1892 J. R. R. Tolkien, Lewis’s longtime friend, colleague, and fellow Inkling (a group of friends who meet regularly from about 1930 to 1963 to share writings, good conversation, and the odd pint), is born in Bloemfontein, South Africa.

4 O Taste and See

The Christian statement that only He who does the will of the Father will ever know the true doctrine is philosophically accurate. Imagination may help a little: but in the moral life, and (still more) in the devotional life we touch something concrete which will at once begin to correct the growing emptiness of our idea of God. One moment even of feeble contrition or blurred thankfulness will, at least in some degree, head us off from the abyss of abstraction. It is Reason herself which teaches us not to rely on Reason only in this matter. For Reason knows that she cannot work without materials. When it becomes clear that you cannot find out by reasoning whether the cat is in the linen-cupboard, it is Reason herself who whispers, ‘Go and look. This is not my job: it is a matter for the senses’. So here. The materials for correcting our abstract conception of God cannot be supplied by Reason: she will be the first to tell you to go and try experience—‘Oh, taste and see!’ For of course she will have already pointed out that your present position is absurd.
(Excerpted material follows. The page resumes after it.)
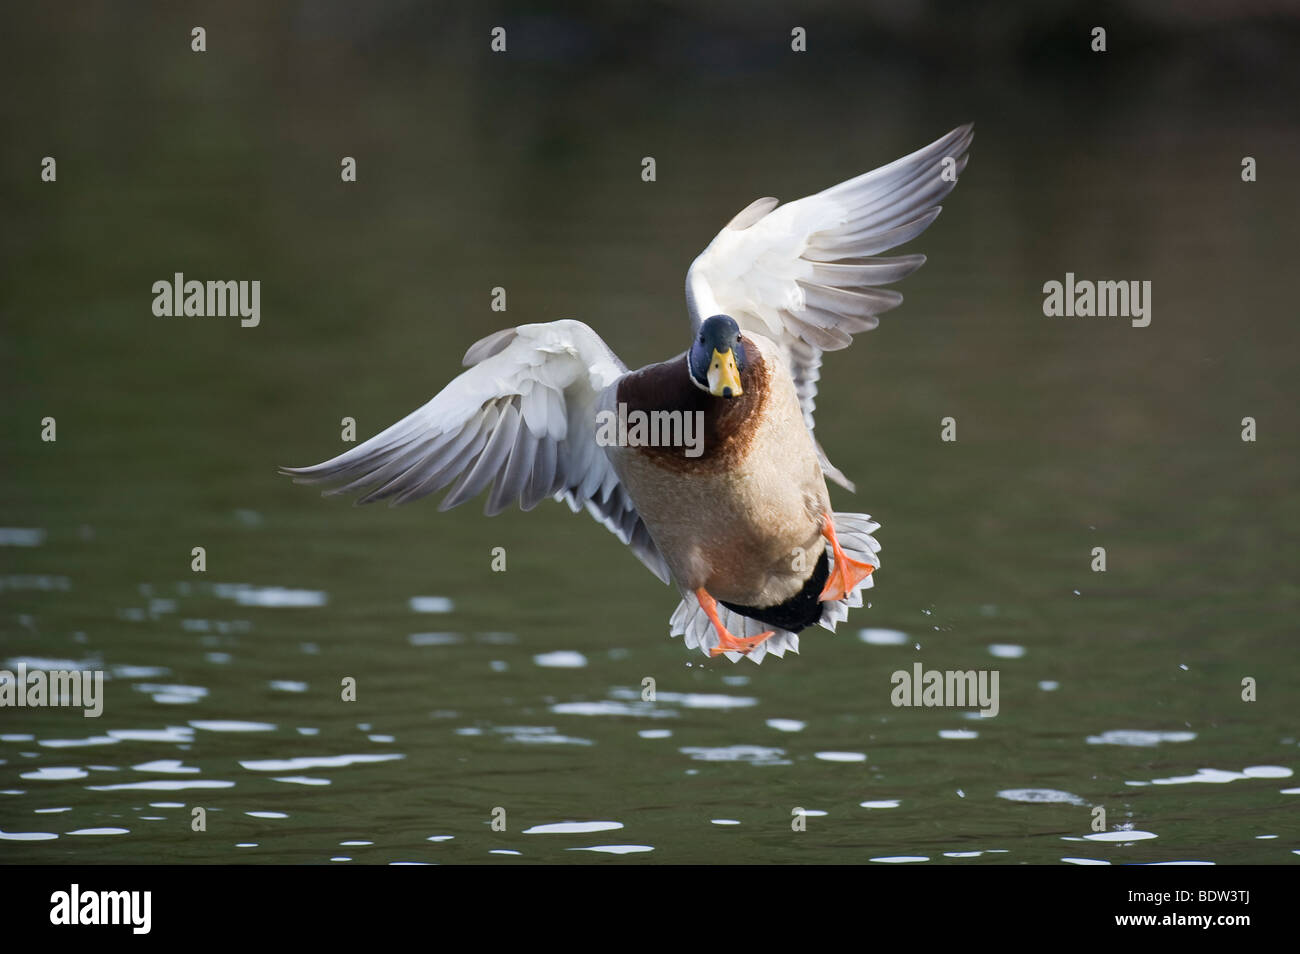 A duck in landing approach Stock Photo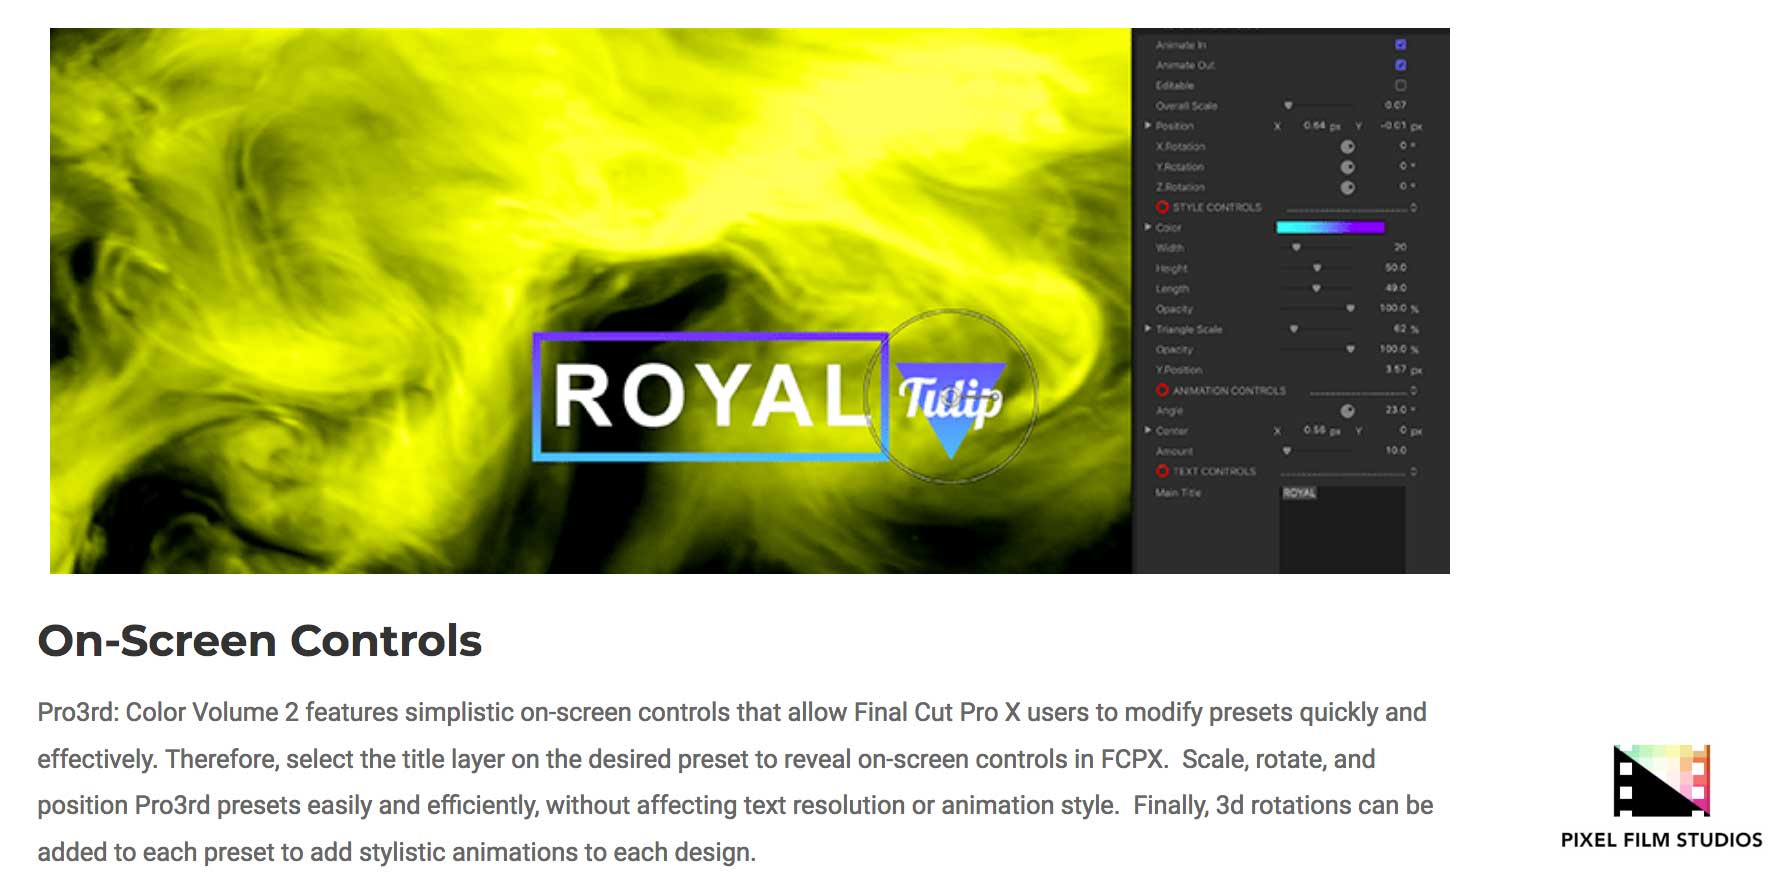 Pro3rd Color Volume 2 - Pixel Film Studios Plugins - FCPX Effects

As long as we remain Erudite Limpets we are forgetting that if no one had ever seen more of God than we, we should have no reason even to believe Him immaterial, immutable, impassible and all the rest of it. Even that negative knowledge which seems to us so enlightened is only a relic left over from the positive knowledge of better men—only the pattern which that heavenly wave left on the sand when it retreated.

—from Miracles

5 Enemies of Goodness

It is no use either saying that if there is a God of that sort—an impersonal absolute goodness—then you do not like Him and are not going to bother about Him. For the trouble is that one part of you is on His side and really agrees with his disapproval of human greed and trickery and exploitation. You may want Him to make an exception in your own case, to let you off this one time; but you know at bottom that unless the power behind the world really and unalterably detests that sort of behaviour, then He cannot be good. On the other hand, we know that if there does exist an absolute goodness it must hate most of what we do. This is the terrible fix we are in. If the universe is not governed by an absolute goodness, then all our efforts are in the long run hopeless. But if it is, then we are making ourselves enemies to that goodness every day, and are not in the least likely to do any better tomorrow, and so our case is hopeless again. We cannot do without it, and we cannot do with it. God is the only comfort, He is also the supreme terror: the thing we most need and the thing we most want to hide from. He is our only possible ally, and we have made ourselves His enemies. Some people talk as if meeting the gaze of absolute goodness would be fun. They need to think again. They are still only playing with religion. Goodness is either the great safety or the great danger—according to the way you react to it. And we have reacted the wrong way.